Di Desa Kalibeji pada umumnya, hubungan agama dengan tradisi Saparan bisa
dikatakan tidak ada, misalnya kalau ada juga tidak terlalu bertentangan dengan islam. Hal ini
bisa disimpulkan dari hasil pemaparan warga, bahwa kebanyakan dari mereka mengatakan
acara Saparan itu warisan nenek moyang yang harus tetap di lestarikan dan tidak ada sangkut-
pautnya terhadap agama. Tetapi yang perlu diperhatikan adalah dalam pelaksanaan seperti
yang sudah dipaparkan diatas, jadi akan muncul suatu pertanyaan apakah acara yang ada itu
sudah sesuai dengan akhlak? Sedangkan akhlak sendiri mempunyai arti Secara bahasa akhlak
berasal dari kata artinya perangai, kebiasaan, watak, peradaban yang baik.
Menurut Istilah: sifat yang tertanam dalam jiwa yang mendorongnya untuk melaksanakan
perbuatan tanpa memerlukan pemikiran dan pertimbangan. Kenyataan sosial semacam ini
adalah tantangan bagi agama-agama, khususnya islam. Agama, menurut klaim penulis, harus
mampu berkomunikasi lebih dekat lagi dengan masyarakat, terutama komunitas masyarakat
pedesaan, seperti halnya warga masyarakat dusun tersebut tentang tradisi Saparan. Jika tradisi
Saparan masih saja berkukuh dengan pandangannya sendiri, tanpa dikaji kembali melalui
agama, karena sebagian besar masyarakat Desa Kalibeji beragama islam, bukan mustahil
mereka akan menggabungkan antara tradisi dan agama dalam acara-acara semacam itu, Inilah
tantangan baru agama islam khususnya bagi kaum intelektual muda khususnya warga
masyarakat Desa Kalibeji.

Prinsip dan konsep-konsep yang mendasari penilaian tentang perilaku manusia


contohnya, dengan patokan apa dapat dibedakan antara tindakan yang benar dan yang
salah secara moral atau akhlak? Apakah kesenangan merupakan satu-satunya ukuran untuk
menentukan sesuatu sebagai yang baik? Apakah keputusan moral bersifat sewenang-
wenang atau sekehendak hati? Maksud utama ungkapan moral atau akhlak bukanlah untuk
menegaskan bahwa demikianlah persoalan yang ada, melainkan untuk menasehati,
mengingatkan, mensyaratkan, menyatakan, atau memprotes bahwa demikianlah yang harus
dilakukan. Sesungguhnya tujuan pertama misi diutusnya Nabi adalah kajian akhlak. Nabi
SAW Bersabda: Aku diutus hanyalah untuk menyempurnakan akhlak yang mulia. (HR.
Imam Malik )
III. PENUTUP

Agama Islam di Indonesia dibawa oleh para kekasih Allah, keberhasialan mereka
dalam menyebarkan agama Islam karena mereka pandai membaca situasi dan kondisi yaitu
menyesuaikan kebudayaan dan tradisi yang ada di tanah Jawa khususnya Semarang dan
sekitarnya. Terlebih di Desa Kalibeji sendiri mereka tidak menghilangkan sama sekali tradisi
yang sudah ada, hanya saja ditambahi atau dimodifikasi, yang dulunya tidak ada unsur nilai
Islamnya sekarang ditambahi dengan nilai-nilai Islam.

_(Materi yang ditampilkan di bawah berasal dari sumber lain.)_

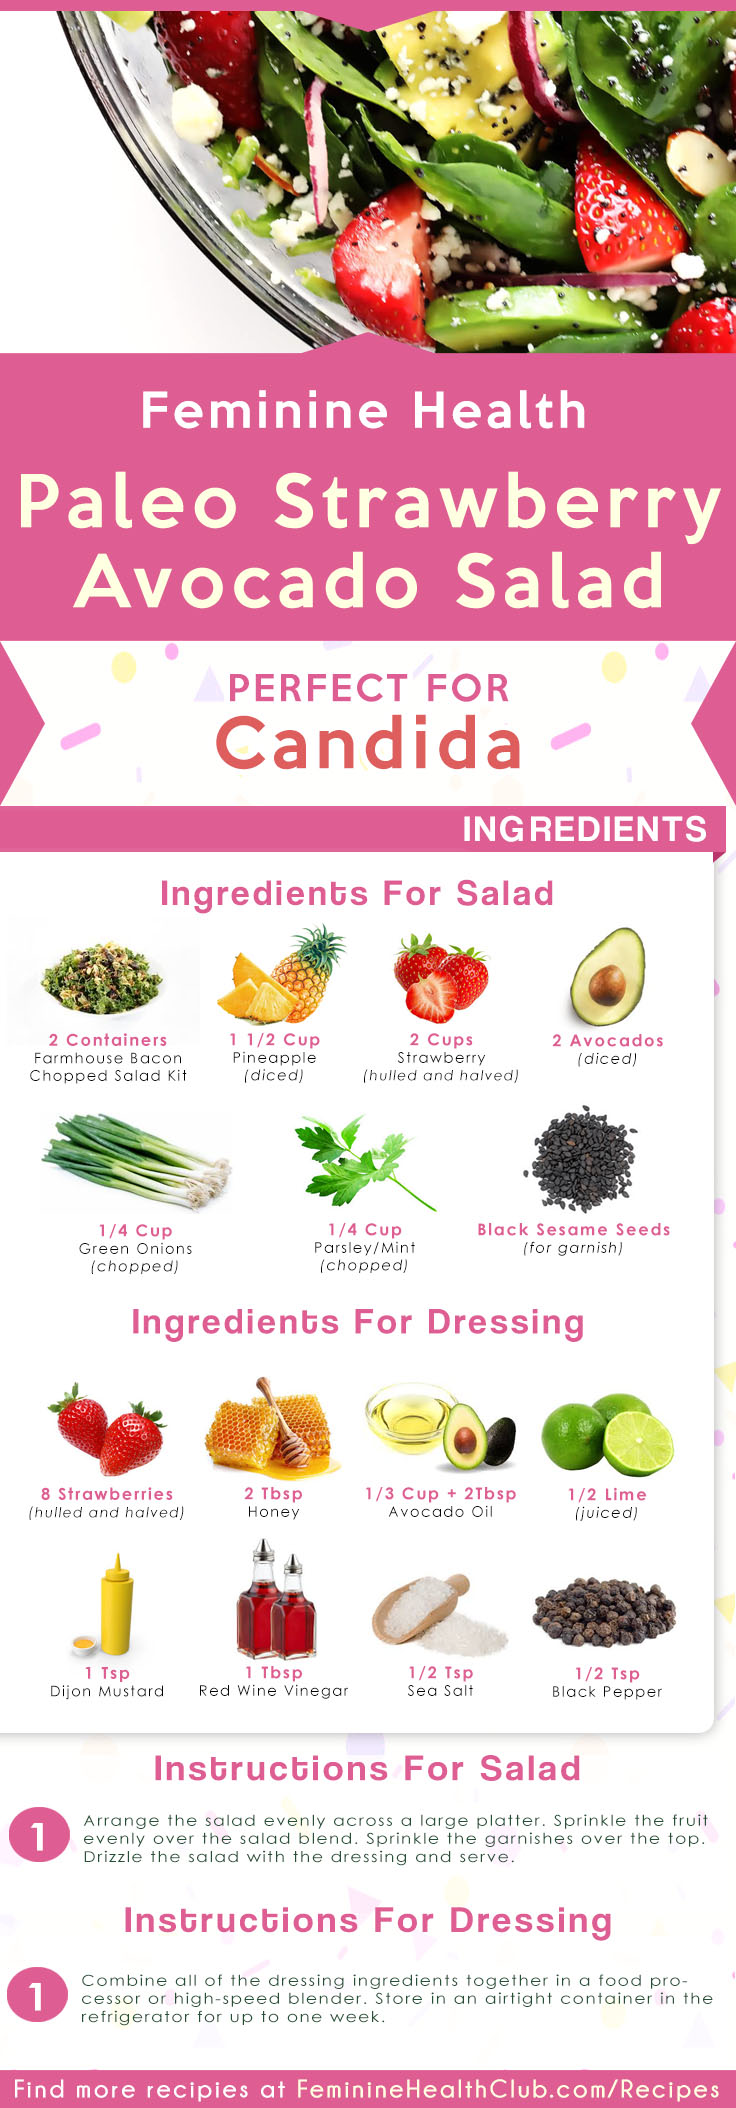 Paleo Strawberry Avocado Salad Recipe For Candida

Salah satunya adalah tradisi Saparan yang terdapat di desa tersebut, selain sebagai
ajang silaturahim, bulan ini juga dijadikan sebagai bulan untuk memperingati cikal-bakal
desa tersebut, biasanya Saparan dilakukan satu bulan penuh, bergiliran dari satu desa ke desa
yang lain, waktu pelaksanaannya malam hari, sebelum acara puncak dimulai pada siangnya
dilakukan acara pengajian umum sebagai bukti itu adalah bahwa Saparan itu sudah di sisipi
oleh nilai-nilai keagamaan. Budaya Saparan diisi dengan kesenian Kuda Lumping,
pertunjukkan Wayang Kulit, bersih makam serta kesenian daerah lainnya.